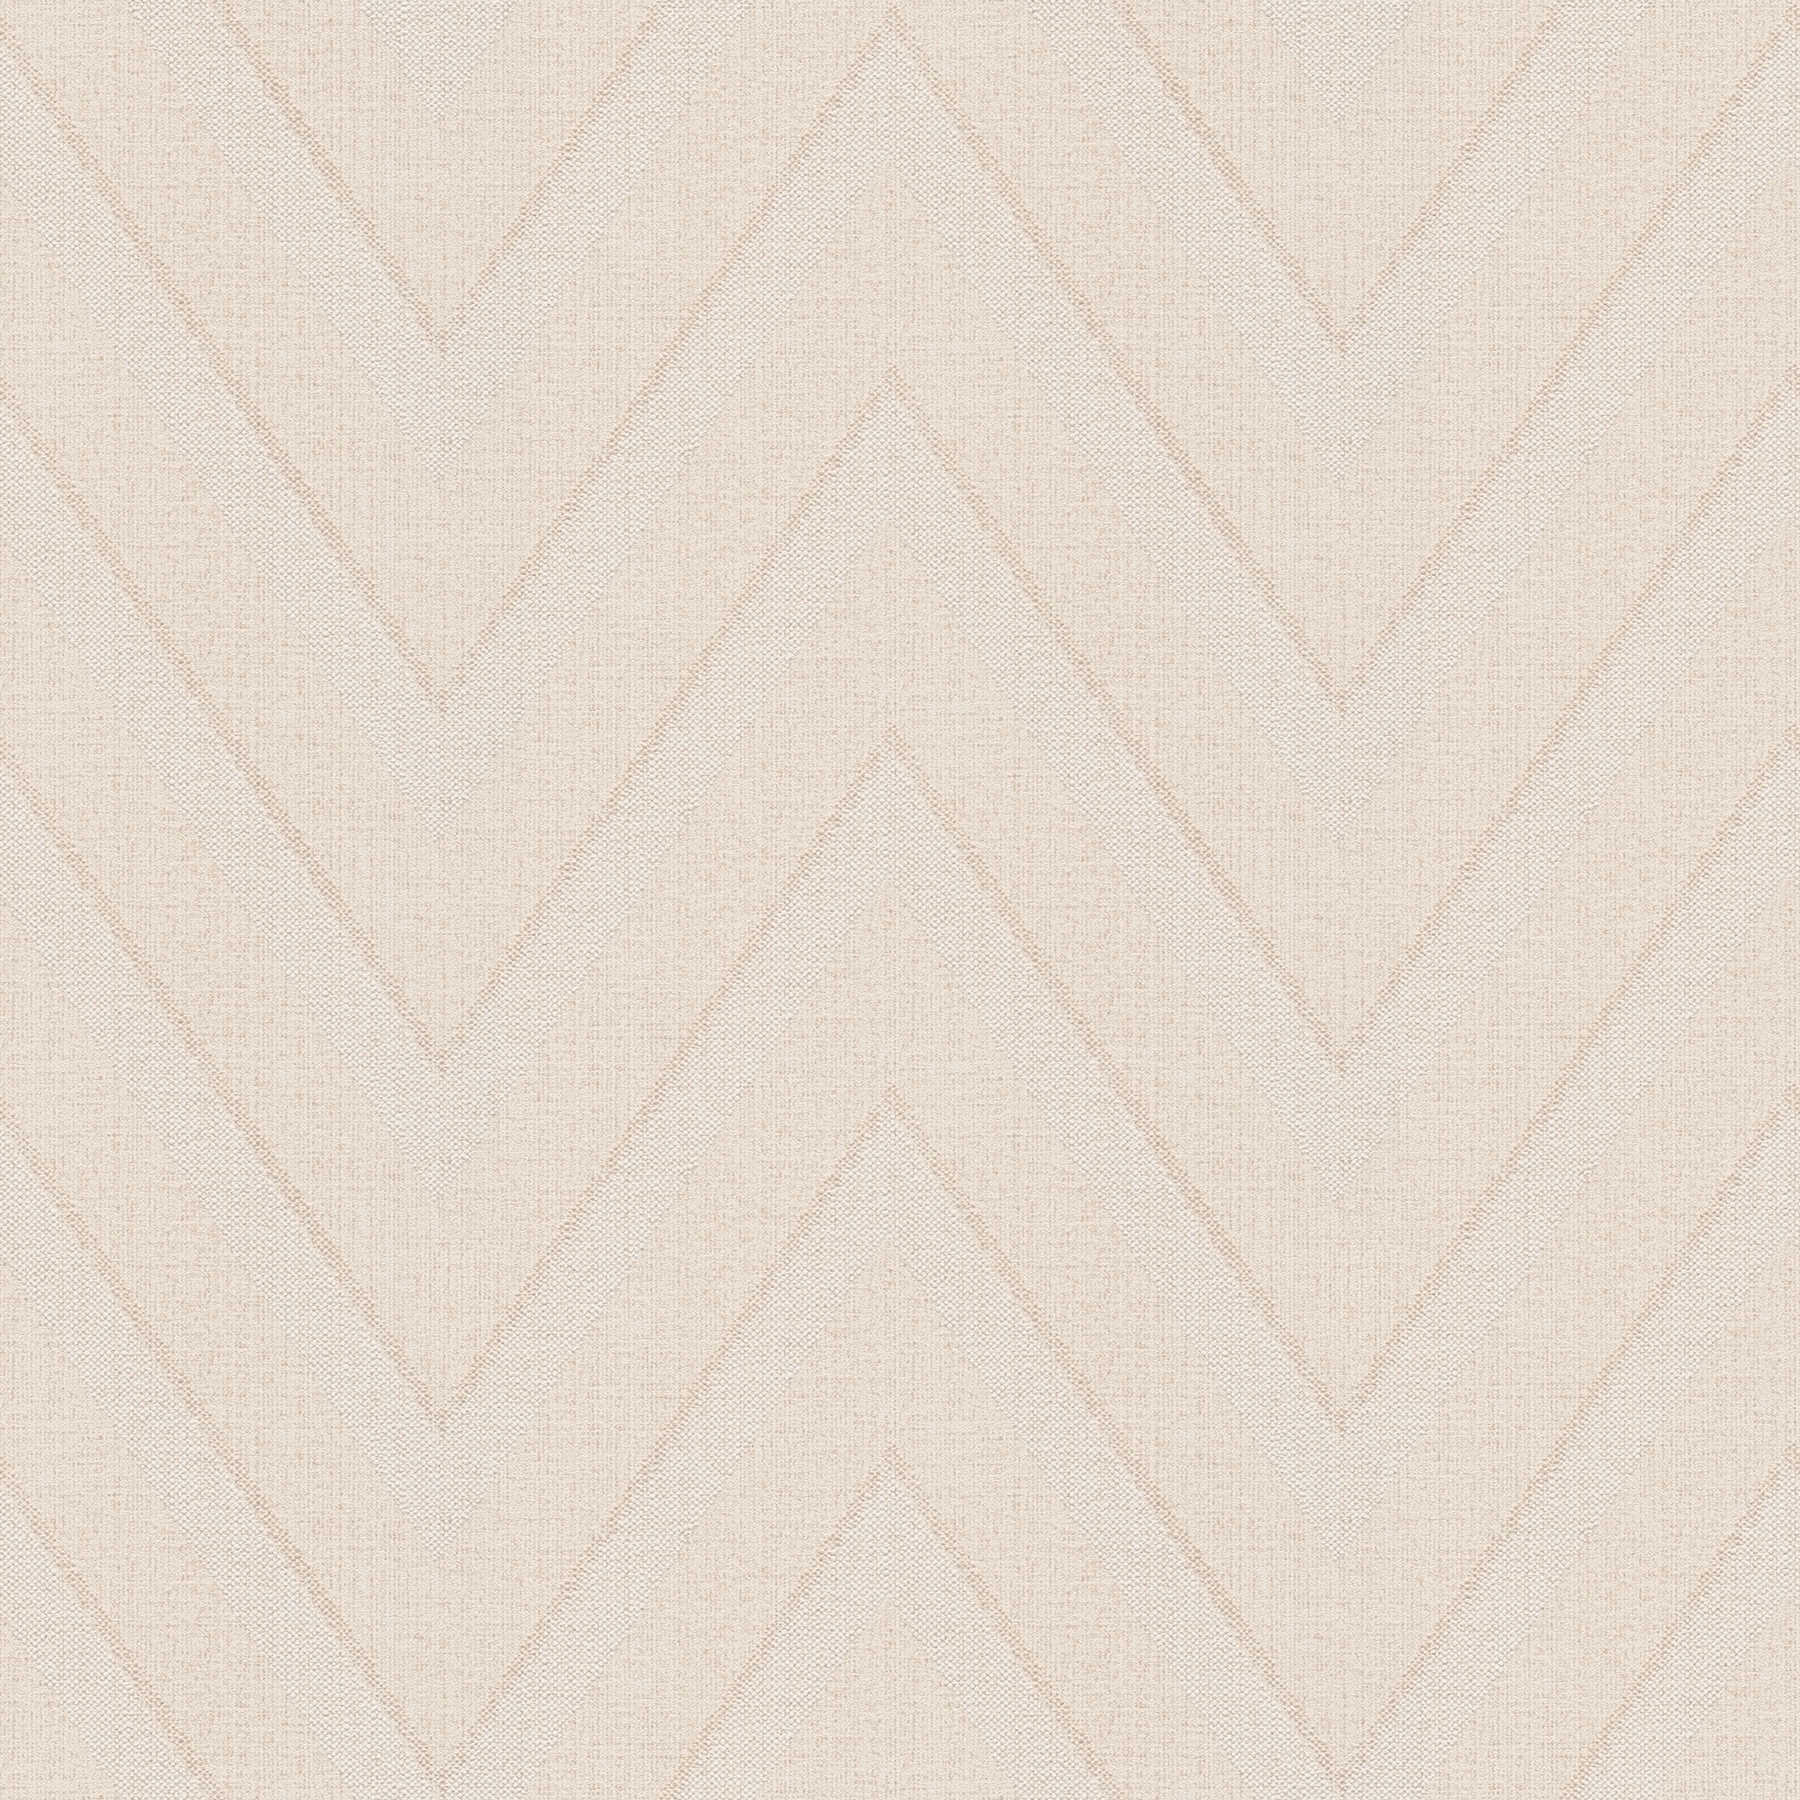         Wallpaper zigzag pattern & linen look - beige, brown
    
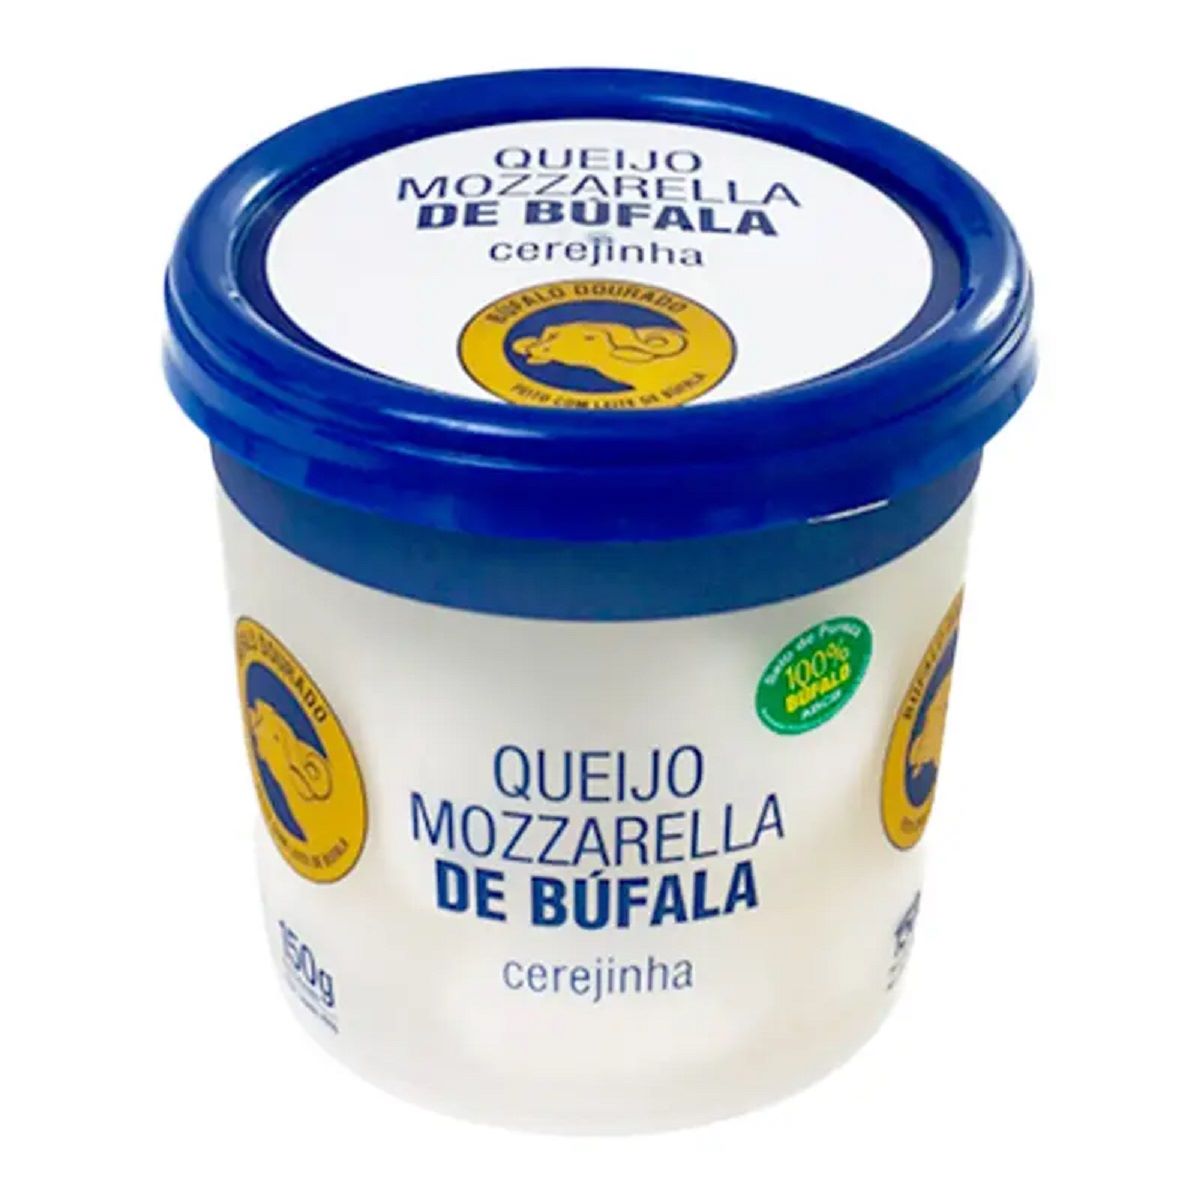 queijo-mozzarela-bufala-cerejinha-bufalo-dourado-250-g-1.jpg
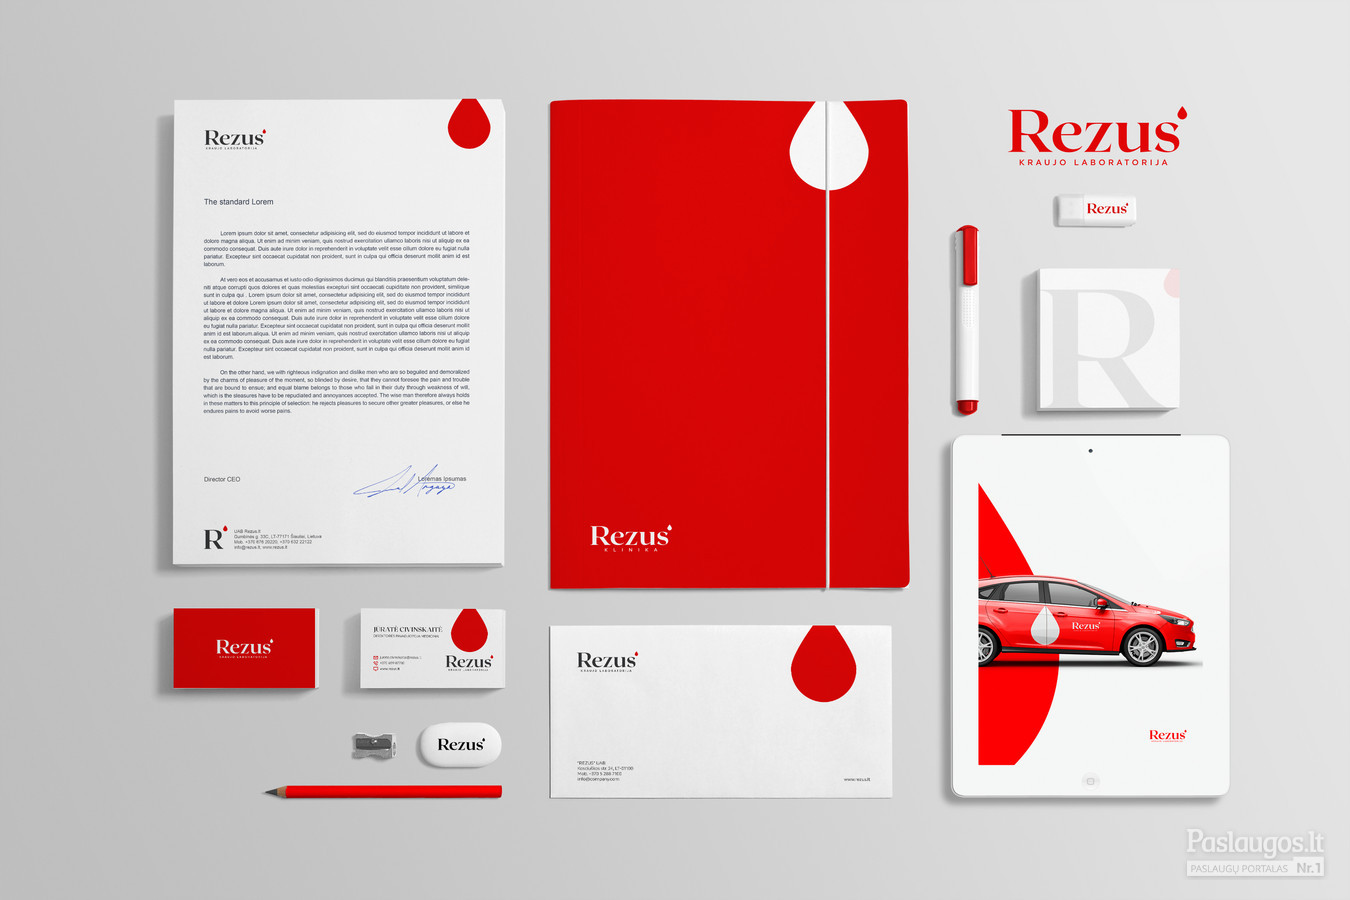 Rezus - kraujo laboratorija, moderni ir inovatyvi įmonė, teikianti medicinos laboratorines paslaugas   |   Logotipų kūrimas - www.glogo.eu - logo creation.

▶ **What the exercise asks**: Give back the listing unchanged. Strip out the pictures.

▶ **Problem solution**:
         Wallpaper zigzag pattern & linen look - beige, brown
    
 queijo-mozzarela-bufala-cerejinha-bufalo-dourado-250-g-1.jpg
 Rezus - kraujo laboratorija, moderni ir inovatyvi įmonė, teikianti medicinos laboratorines paslaugas   |   Logotipų kūrimas - www.glogo.eu - logo creation.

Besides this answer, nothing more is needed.